In the context of travel bookings, it may be necessary to transfer data to third countries outside the EEA (e.g. for travel to Dubai or other non-EU countries). In such cases, the transfer is based on Art. 6(1)(b) GDPR (performance of contract) or your explicit consent. We will inform you separately about third-country transfers during the booking process.

9. Retention Periods

We store your personal data only for as long as necessary for the respective purposes or as required by statutory retention obligations:

  • Contact enquiries without contract conclusion: 6 months
  • Customer data in CRM: 3 years after end of contract
  • Booking documents, invoices: 10 years (§ 147 AO / § 257 HGB)
  • Customer portal content: 1 year after end of trip

10. Your Rights as a Data Subject

Under the GDPR, you have the following rights:

  • Right of access (Art. 15 GDPR): You may request information about the data stored about you.
  • Right to rectification (Art. 16 GDPR): You may request the correction of inaccurate data.
  • Right to erasure (Art. 17 GDPR): Under certain conditions, you may request the deletion of your data.
  • Right to restriction of processing (Art. 18 GDPR).
  • Right to data portability (Art. 20 GDPR).
  • Right to object (Art. 21 GDPR): You may object at any time to processing based on Art. 6(1)(f) GDPR.
  • Right to withdraw consent (Art. 7(3) GDPR): Any consent given may be withdrawn at any time with effect for the future.
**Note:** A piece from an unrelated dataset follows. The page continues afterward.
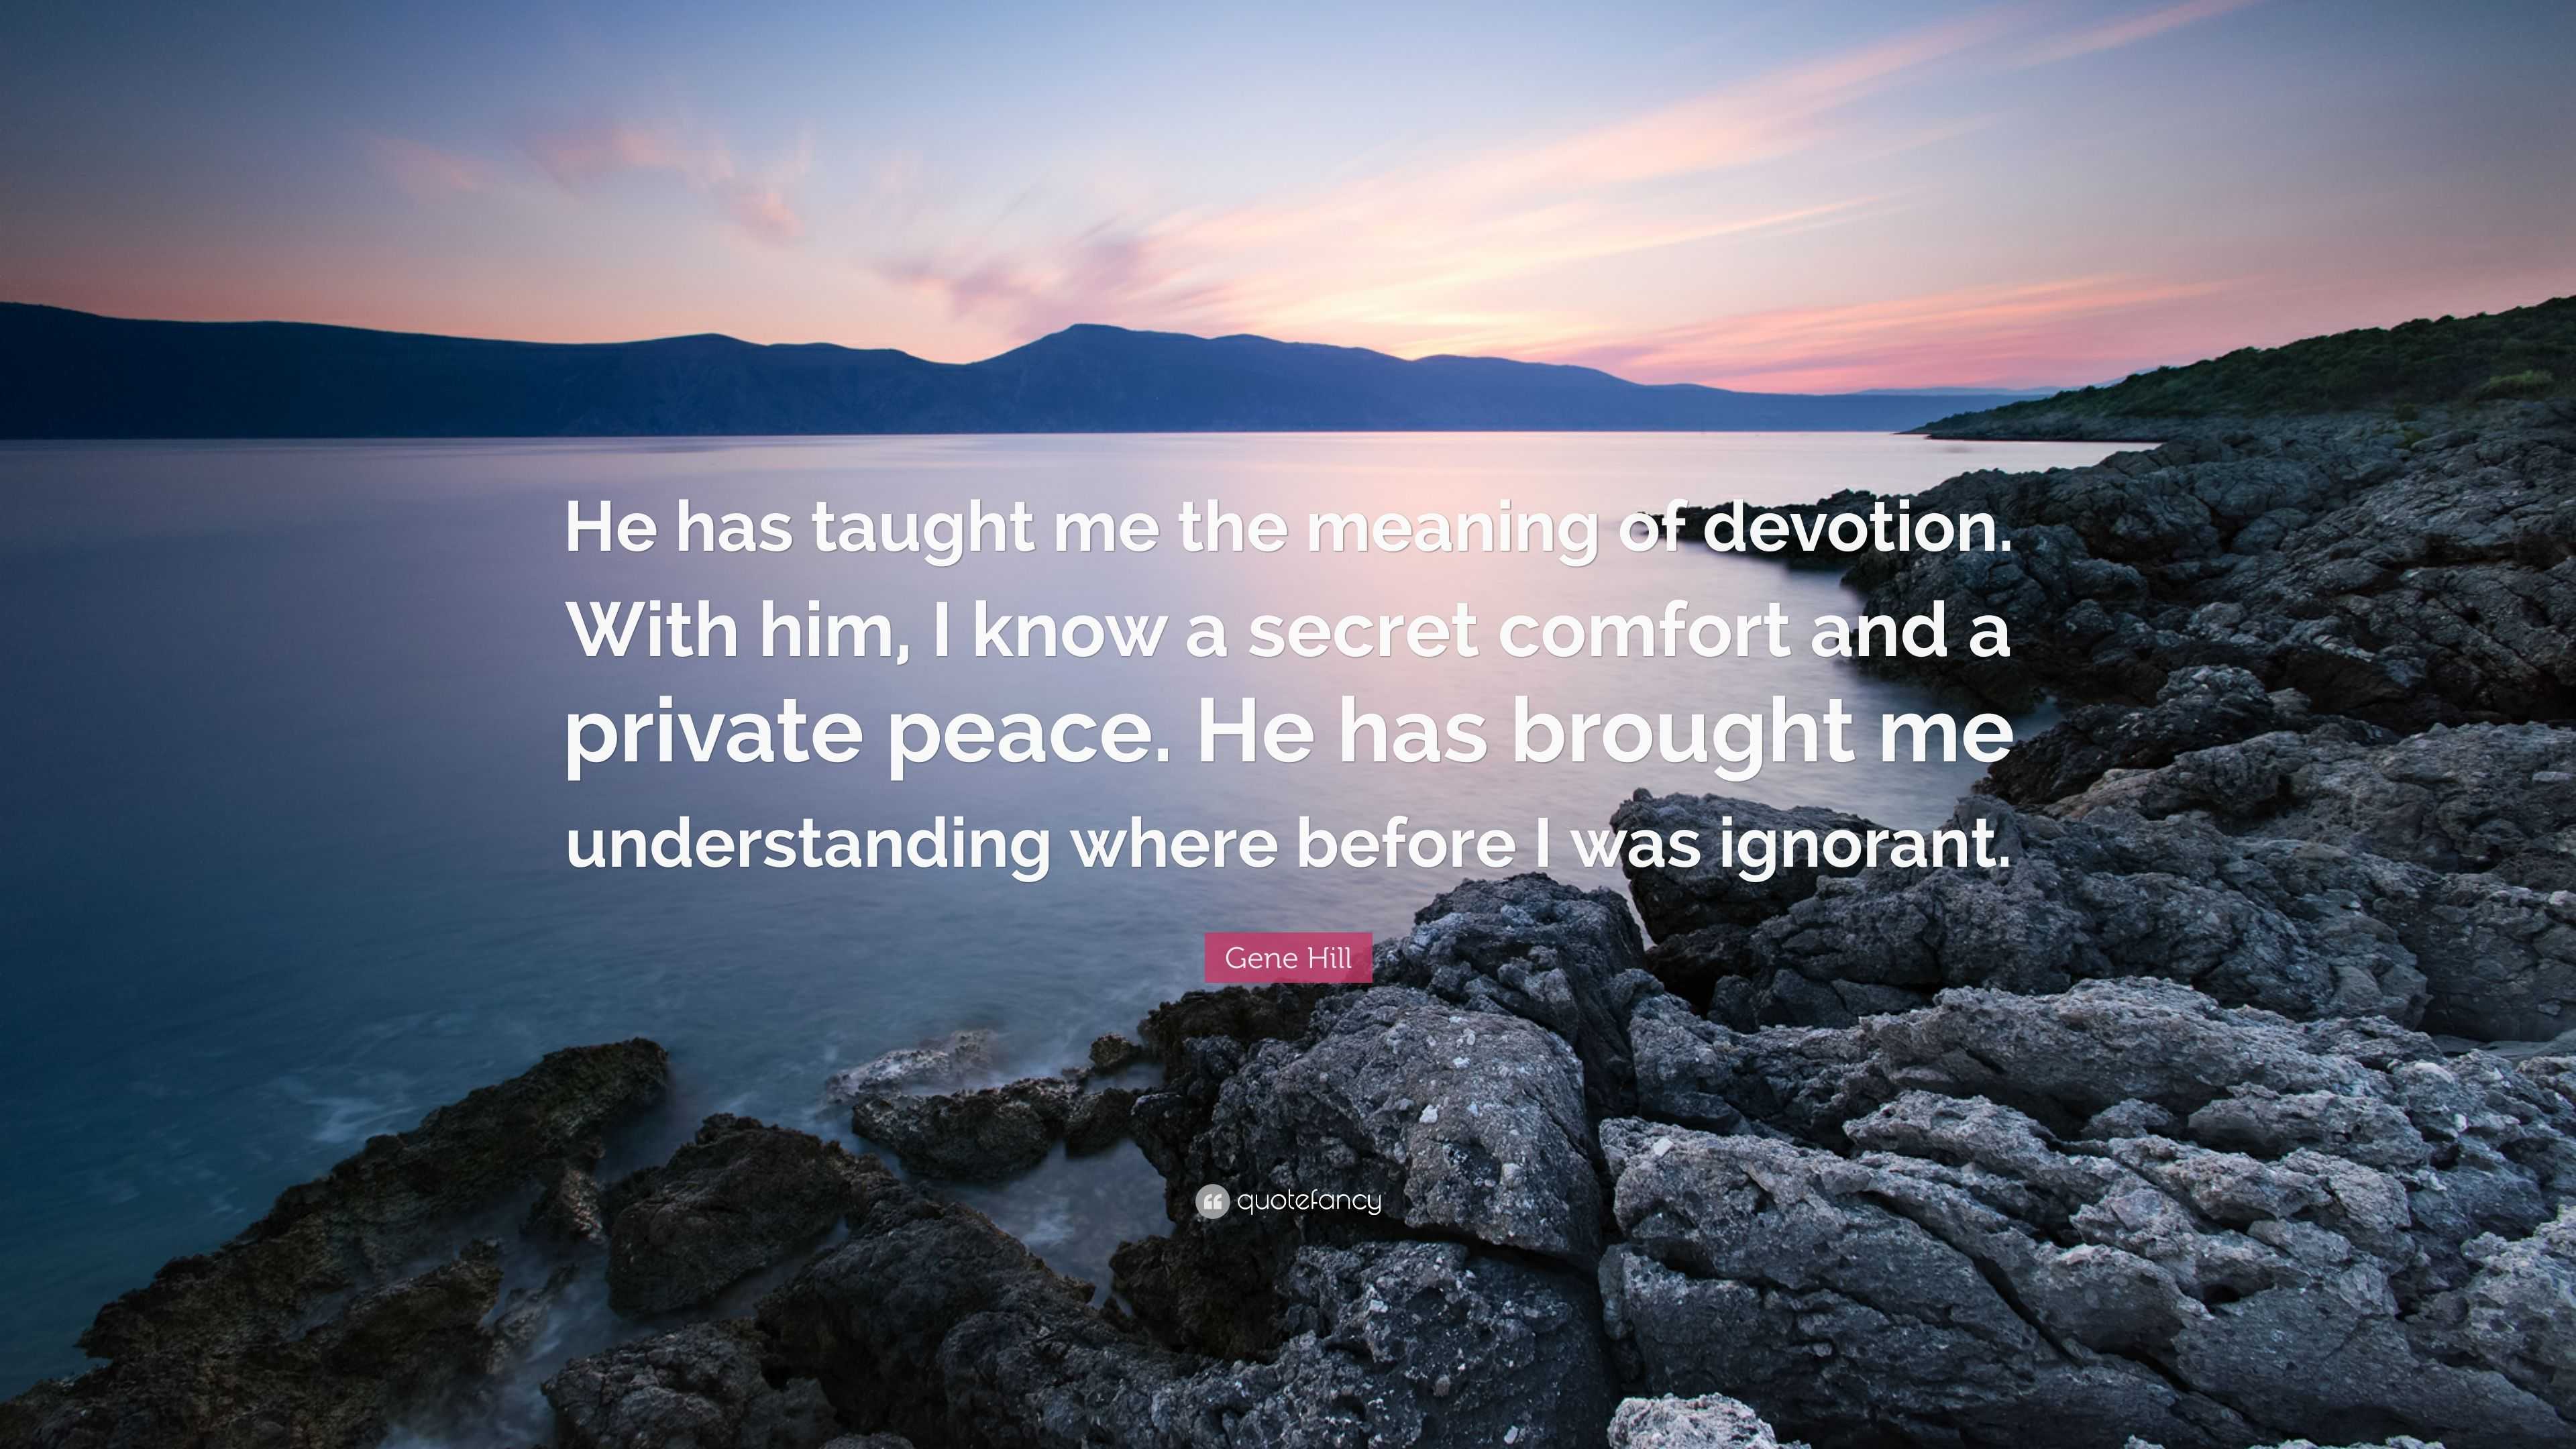 Gene Hill Quote: “He has taught me the meaning of devotion. With him, I  know a secret comfort and a private peace. He has brought me under...”

To exercise your rights, please contact: [email protected]

11. Right to Lodge a Complaint

You have the right to lodge a complaint with the competent supervisory authority. For MIRA KODA UG, this is:

Bayerisches Landesamt für Datenschutzaufsicht (BayLDA)
Promenade 18, 91522 Ansbach
Telefon: +49 (0)981 53-1300
Website: www.lda.bayern.de

12. Data Security

Our website transmits data exclusively in encrypted form via the HTTPS protocol (TLS). We implement appropriate technical and organisational measures in accordance with Art. 32 GDPR to protect your data against unauthorised access, loss, or misuse.

13. Updates to this Privacy Policy

We reserve the right to update this Privacy Policy if changes are made to our website or the legal framework. The current version will always be available on this page. Last updated: May 2026.